> _Problem details_
Please give every line below again exactly, but not its pictures.

> _Supplied information_
* * *

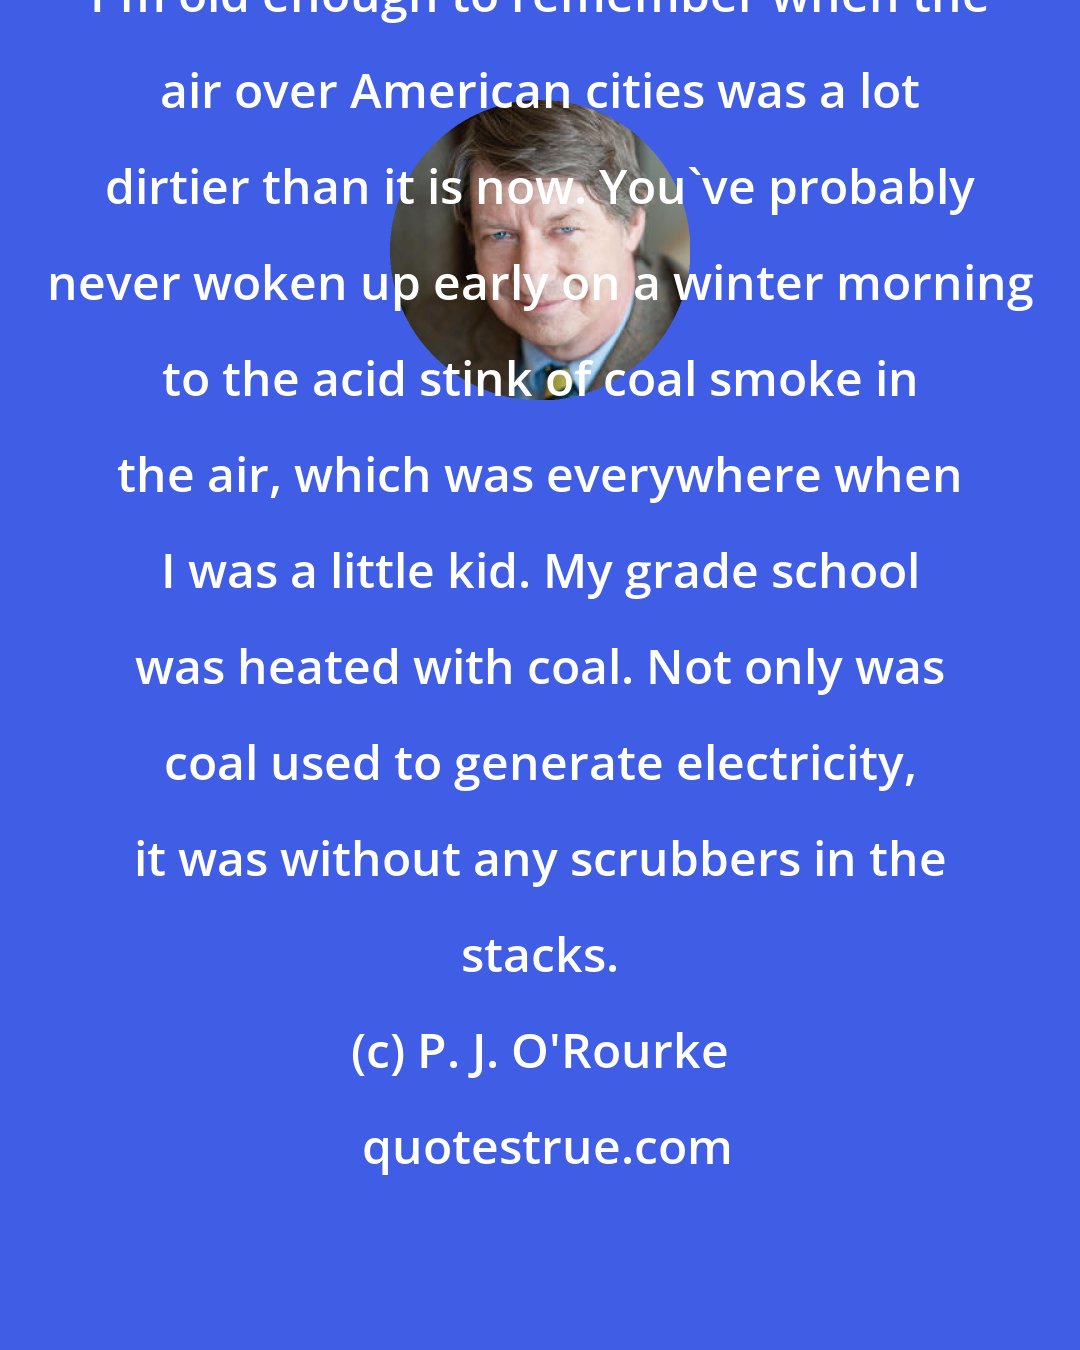 P. J. O'Rourke: I'm old enough to remember when the air over American cities was a lot dirtier than it is now. You've probably never woken up early on a winter morning to the acid stink of coal smoke in the air, which was everywhere when I was a little kid. My grade school was heated with coal. Not only was coal used to generate electricity, it was without any scrubbers in the stacks.
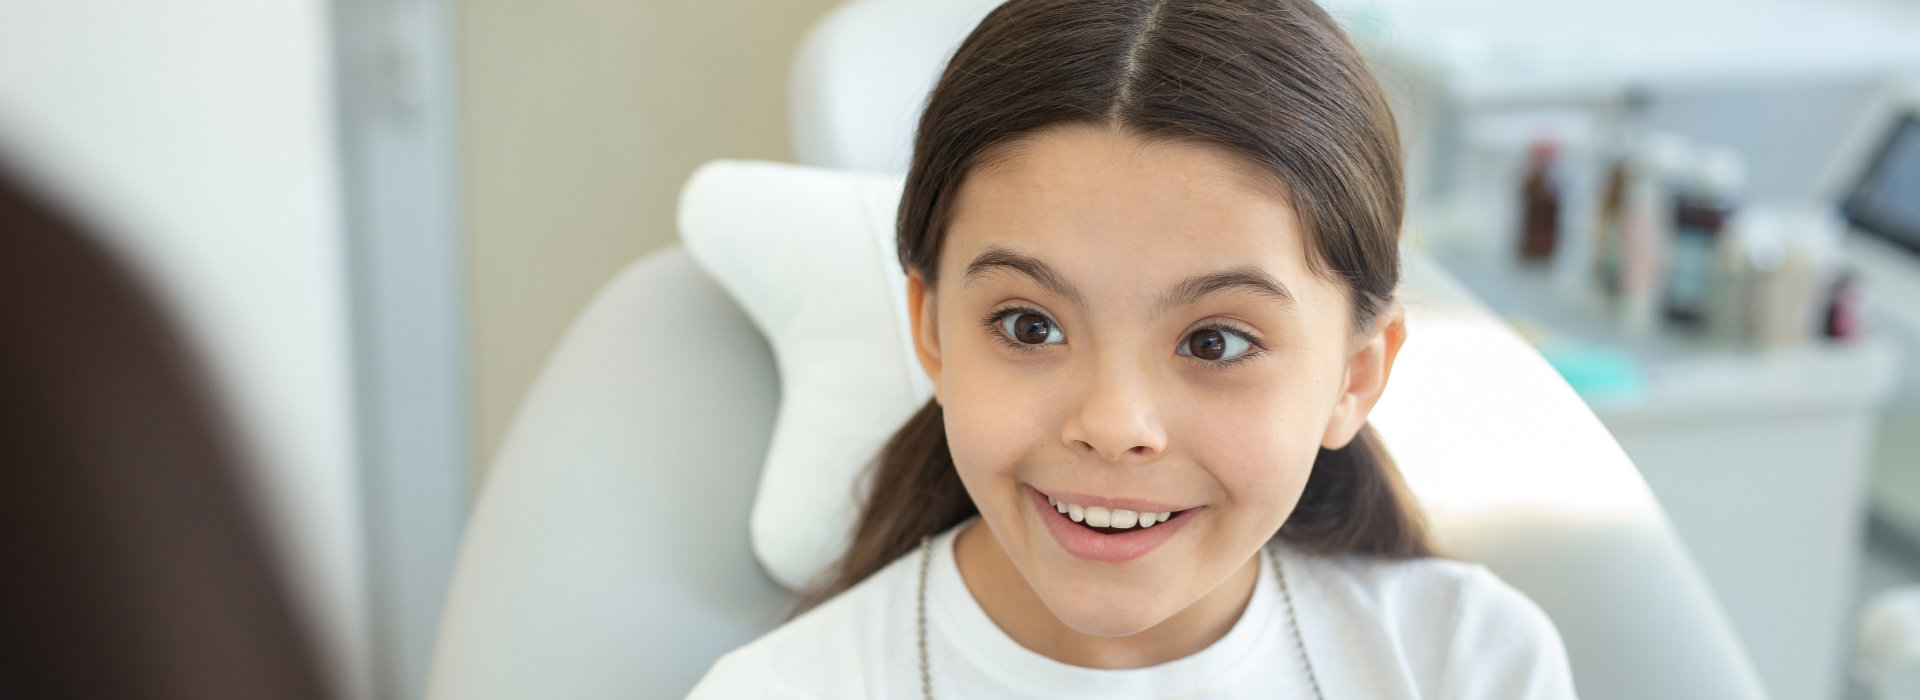 A child is smiling after receiving children's dentistry.
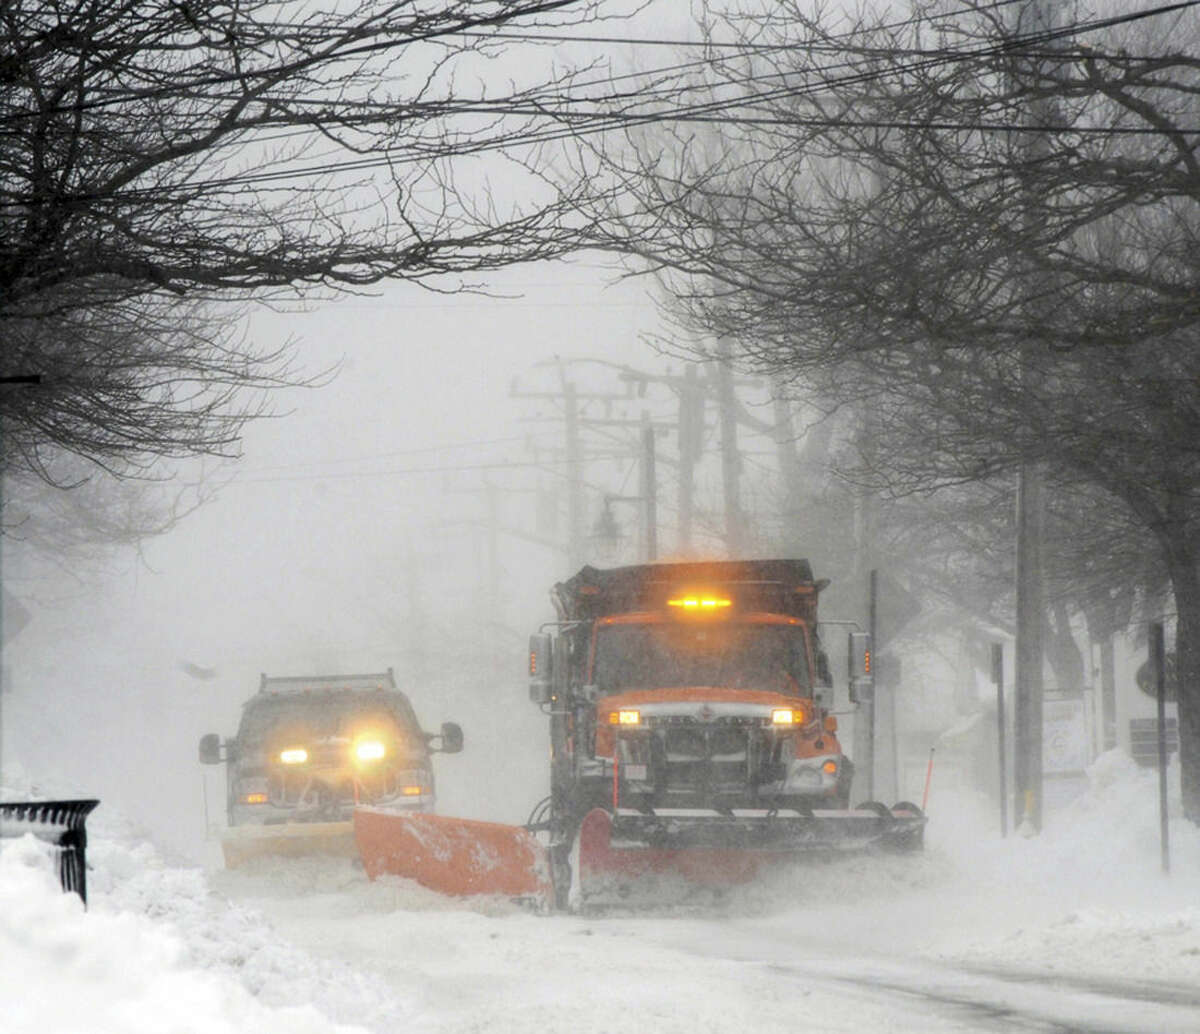 Plows move snow off Main street in Hyannis, Mass., Monday, Feb. 8, 2016. A wind-driven winter storm brought blizzard conditions to Cape Cod and threatened to drop up to 18 inches of snow on southeastern Massachusetts on Monday. (Ron Schloerb/The Cape Cod Times via AP)
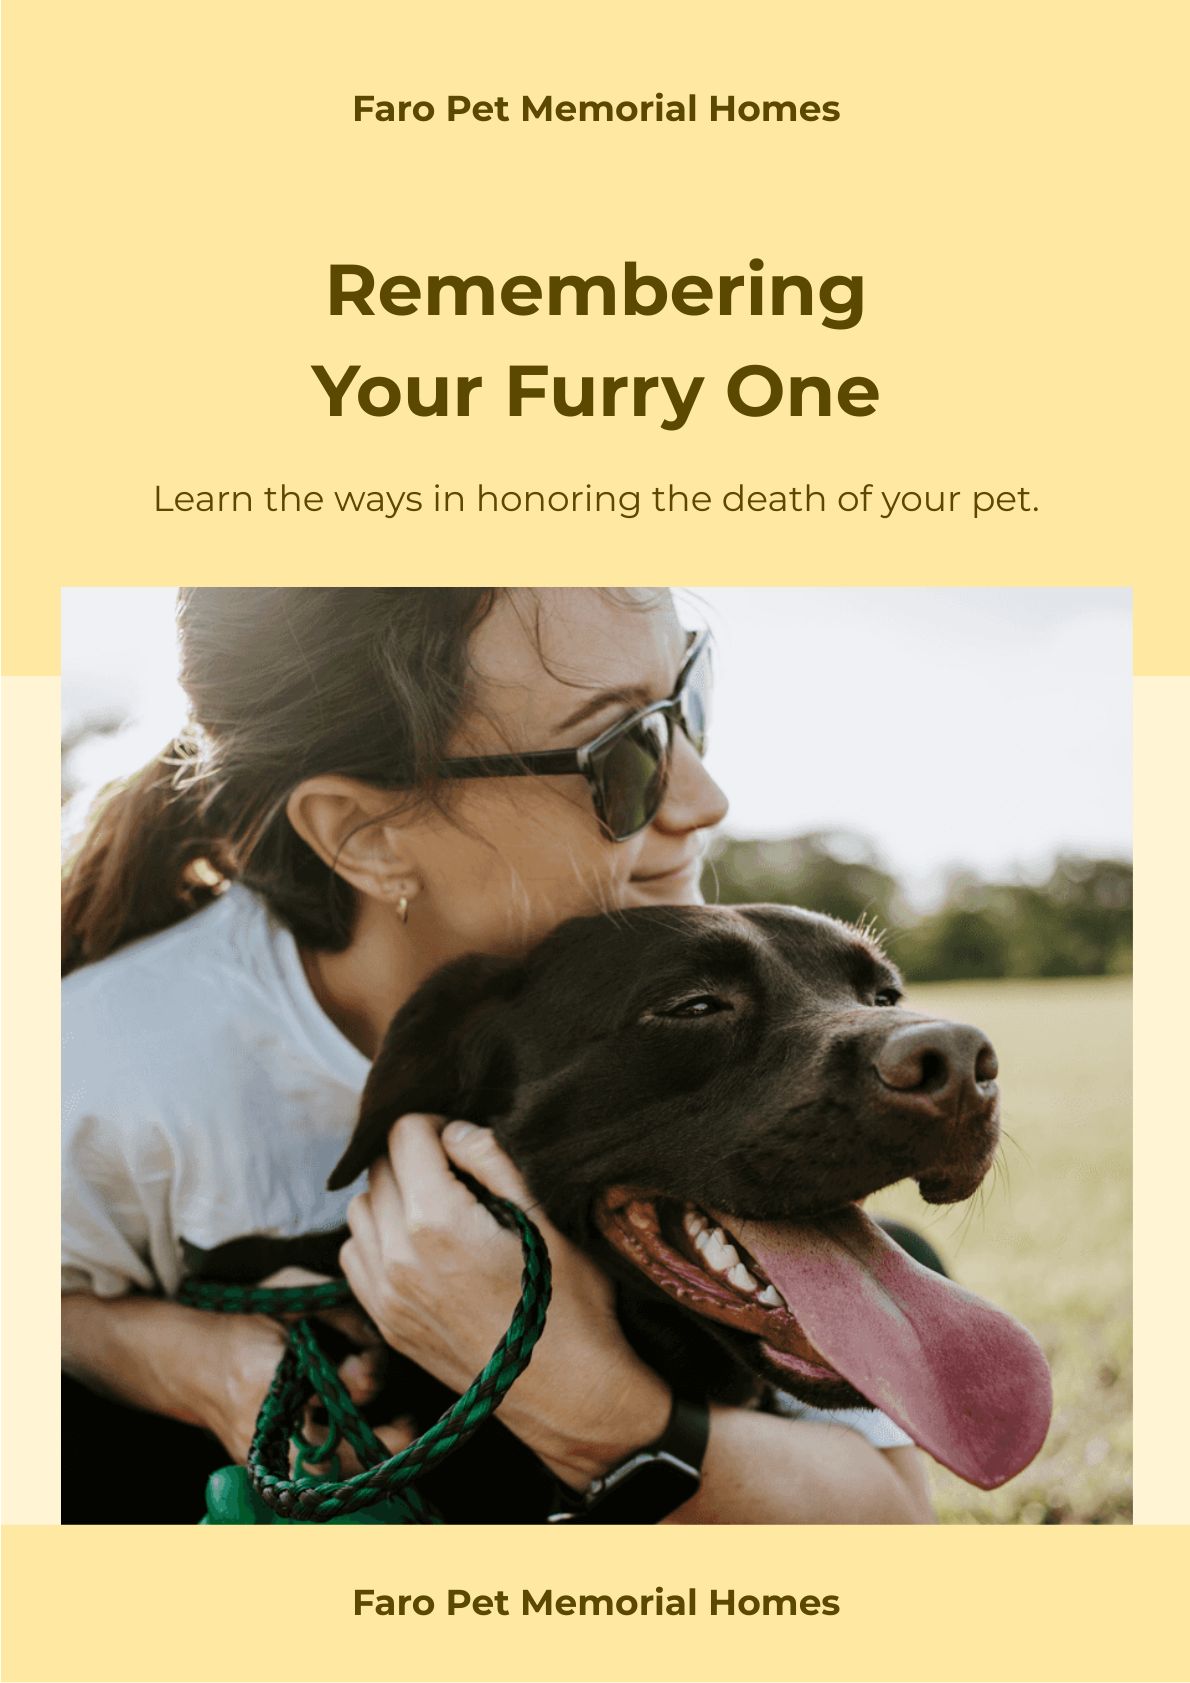 Free Pet Memorial Photo Magnet Template in Word, Illustrator, PSD, Apple Pages, Publisher

* * *

> _Expected output_
 P. J. O'Rourke: I'm old enough to remember when the air over American cities was a lot dirtier than it is now. You've probably never woken up early on a winter morning to the acid stink of coal smoke in the air, which was everywhere when I was a little kid. My grade school was heated with coal. Not only was coal used to generate electricity, it was without any scrubbers in the stacks.
 A child is smiling after receiving children's dentistry.
 Plows move snow off Main street in Hyannis, Mass., Monday, Feb. 8, 2016. A wind-driven winter storm brought blizzard conditions to Cape Cod and threatened to drop up to 18 inches of snow on southeastern Massachusetts on Monday. (Ron Schloerb/The Cape Cod Times via AP)
 Free Pet Memorial Photo Magnet Template in Word, Illustrator, PSD, Apple Pages, Publisher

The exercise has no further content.